El firmamento fílmico mexicano acogía complacido los estragos de una Época Dorada que había sido ignorada incluso por quienes la vivieron, pero que querían prolongarla en un absoluto sin tiempo, sin traición ni engaño. Tal vez, si un “borrego” periodístico difundiera el esperado rumor del hallazgo del ídolo a salvo en la jungla lacandona, planeando su retorno estelar en la película El regreso del nieto de Pepe el Toro o Nosotros los hijos de Sánchez también somos pobres, magna joya de la cinematografía azteca que se exhibirá verticalmente en las dos docenas de cines que integran la vistosa y homogeneizada cartelera capitalina, nadie quedaría sorprendido. El paréntesis de una muerte supuesta, calumnia alimentada por la torpeza vendida de la gran prensa, se cerraría sobre la invulnerabilidad del pasado.
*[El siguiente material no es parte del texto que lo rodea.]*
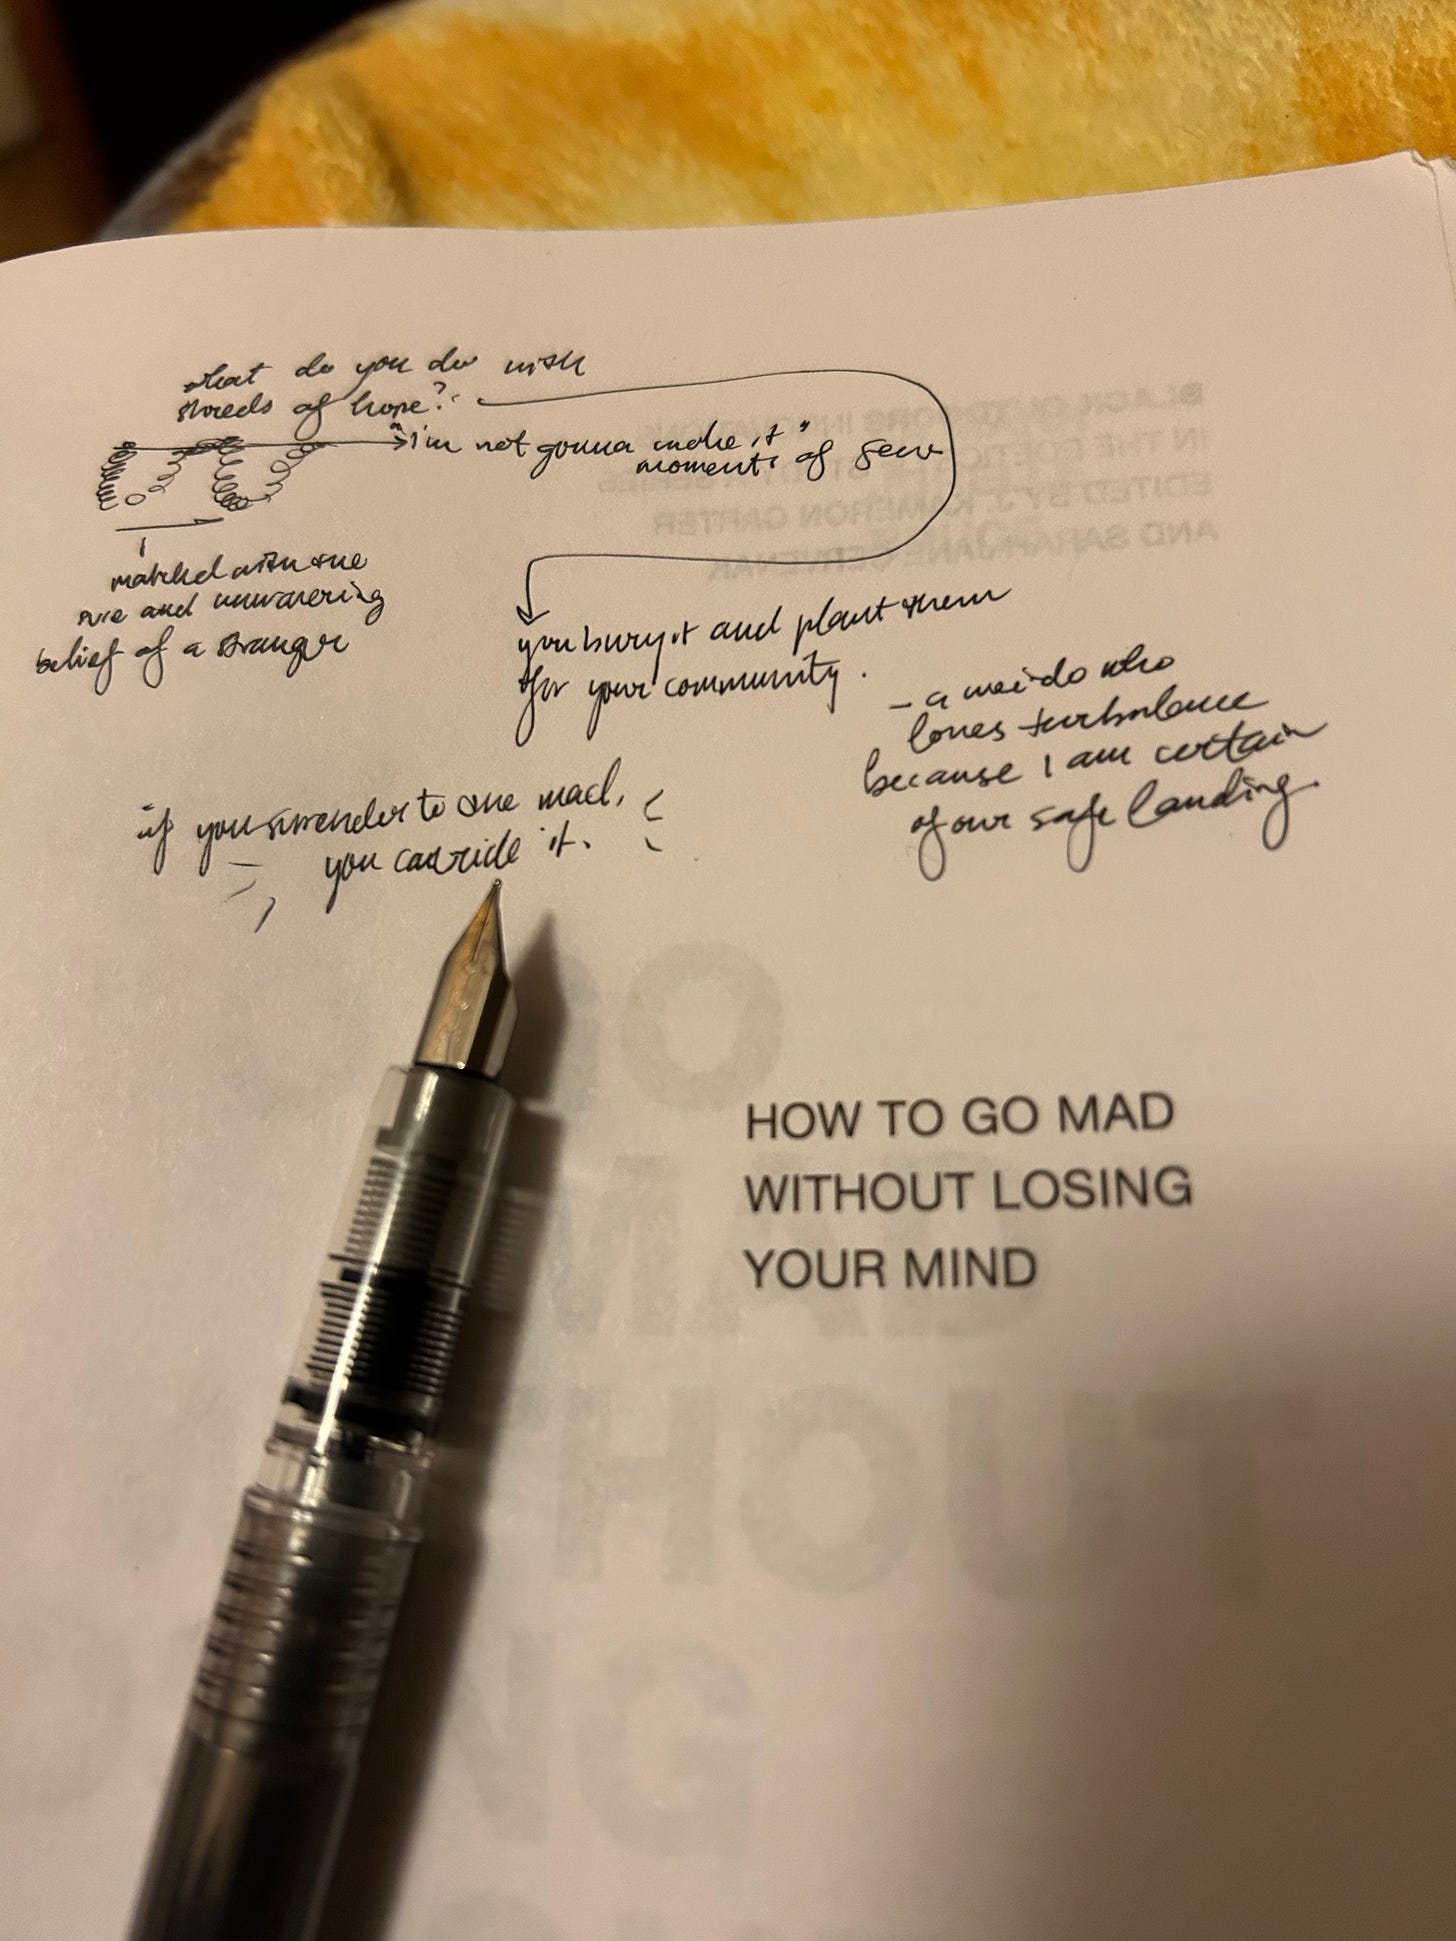 the title page of How to Go Mad without Losing Your Mind, with notes from the author of the essay (ismatu) and a fountain tip nib in frame

Pedro Infante sigue siendo el ideal del estereotipo mexicano y el objeto inobjetable de su enseñoreado proceso mental, detenido y consumado en el cine de barriada. Pedro Infante ya es nuestro Rodolfo Valentino, prometido a las viudas vicarias de fidelidad octogenaria. Pedro salió de la nada; era de naturaleza y destino superiores a los de Aquiles que (así sería bueno) era hijo de una diosa y tenía managers olímpicos. Pedro está despojado de asociaciones morbosas. Pedro es el milenario culto a la muerte que renace como fantasma del inconsciente. Pedro había derrotado por fin a Jorge Negrete y a su adinerada jactancia charra en el pugilato librado dentro de la entraña masiva. Pedro es la promesa de obtenerlo todo, mujeres, fama, simpatía, madre masoquista, padre autoritario, fortuna, amigos, por el envidiable hecho irrefutable de ser prototipo del macho querendón. Pedro es el milagro de un periodo historicosocial más allá de las impertinencias del tiempo y del desarrollo. Pedro se agiganta como mito producido y reforzado por un fanatismo a la altura de las circunstancias axiológicas. Pedro es la garantía de la movilidad social ascendente (de Necesito dinero a Ahora soy rico) sin perder el sentido del arraigo y las virtudes innatas de la pobreza. Pedro es el abogado de los más caros imposibles. Pedro es la abnegación de la virilidad enternecida en un mundo hostil.

Pedrito seguirá siendo la última entraña.